The Company's mining and exploration activities are subject to various laws and regulations governing the protection of the environment. These laws and regulations are continually changing and generally becoming more restrictive. The Company believes its operations are materially in compliance with all applicable laws and regulations. The Company has made, and expects to make in the future, expenditures to comply with such laws and regulations.

Flow-through share indemnification

Other than obligations disclosed in the Financial Statements and in this MD&A, the Company does not have any material commitments.

In connection with flow-through financings, the Company indemnifies the subscribers against certain tax-related amounts that may become payable by the subscribers should the Company not meet its flow-through expenditure commitments. The Company's most recent flow-through financing was in 2024.

The Company has renounced approximately $1,078,000 in resource expenditures to flow-through share subscribers. There is inherent uncertainty regarding the interpretation and application of certain provisions of the Income Tax Act (Canada) to the Company's specific circumstances, and tax authorities may interpret these provisions in a manner that results in a renunciation shortfall. The Company may be required to indemnify subscribers for resulting tax adjustments; however, the impact is not presently determinable.
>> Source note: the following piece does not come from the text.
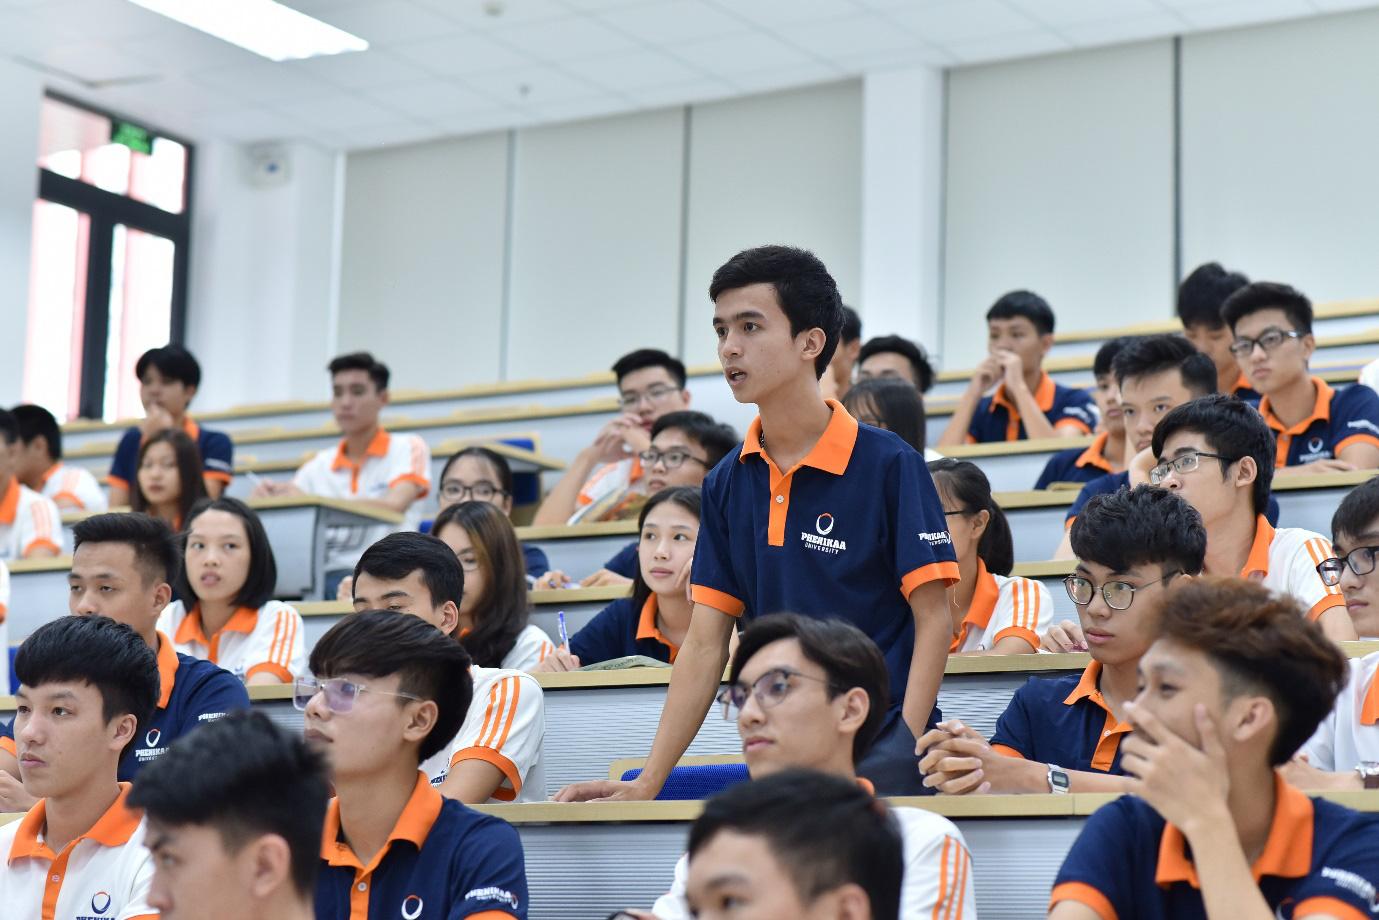 Trường Đại học Phenikaa: Lựa chọn mới của nhiều thí sinh tài năng - Ảnh 3.
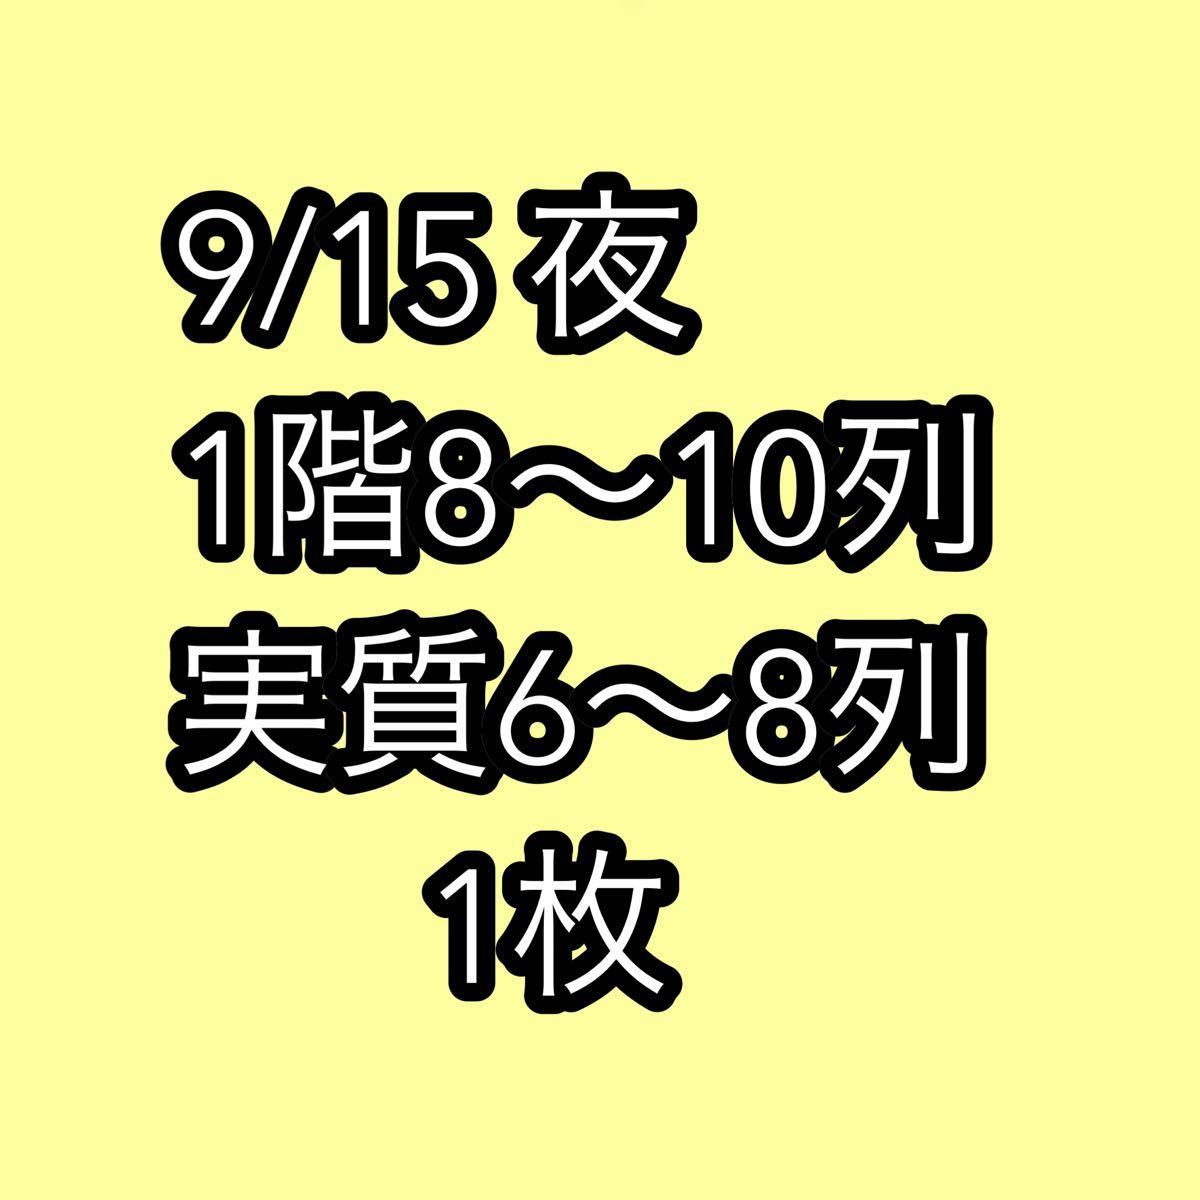 1階8-10列 9/15 夜 SKE48 リクエストアワーセットリストベスト100 2018 1枚 名古屋国際会議場センチュリーホール

Mineral exploration and evaluation assets

Certain of the company's mineral exploration and evaluation assets are subject to option agreement payments, other payments and commitments, and royalties to keep in good standing. See Note 5 and 10 to the Financial Statements. In 2024, with the Company's transfer of its Yukon and New Brunswick properties to its subsidiary Spin Co and Spin Co's further transfer of the New Brunswick properties to JV Co, related remaining commitments have been taken on by Spin Co and JV Co.

Management Contracts

The Company is party to certain management contracts. As at December 31, 2025, these contracts require payments of approximately $495,000 to be made upon the occurrence of a change of control. The Company is also committed to payments upon termination of approx. $275,000 pursuant to the terms of these contracts as at December 31, 2025. As a triggering event has not taken place on December 31, 2025, these amounts have not been recorded in these


LODE GOLD RESOURCES INC.

MANAGEMENT'S DISCUSSION AND ANALYSIS FOR YEARS ENDED DECEMBER 31, 2025 AND 2024

consolidated financial statements. Minimum payments under these contracts due within one year are approximately $275,000. Pursuant to a consulting agreement, the Company may be required to pay certain bonus amounts upon the successful completion of specified transactions, including a spin-out transaction and or the completion of future equity financings meeting defined capitalization thresholds. The payment and amount of such bonuses are contingent upon the occurrence of these future events.

Litigation

The Company was exposed to several existing lawsuits when it acquired California Gold Mining Inc. in 2021. As at December 31, 2025, the remaining matter is a claim filed by a former landlord with respect to an unfulfilled lease contract. The Company believes its maximum exposure to this claim is $160,000, including $139,698 of damages and interest awarded in a judgment in favour of the landlord on September 29, 2022 by the Ontario Superior Court, plus incremental post-judgment interest and costs. Accordingly, the Company's accrued liabilities provision for legal settlements has been adjusted to $160,000 for December 31, 2025 (December 31, 2024 - $260,000).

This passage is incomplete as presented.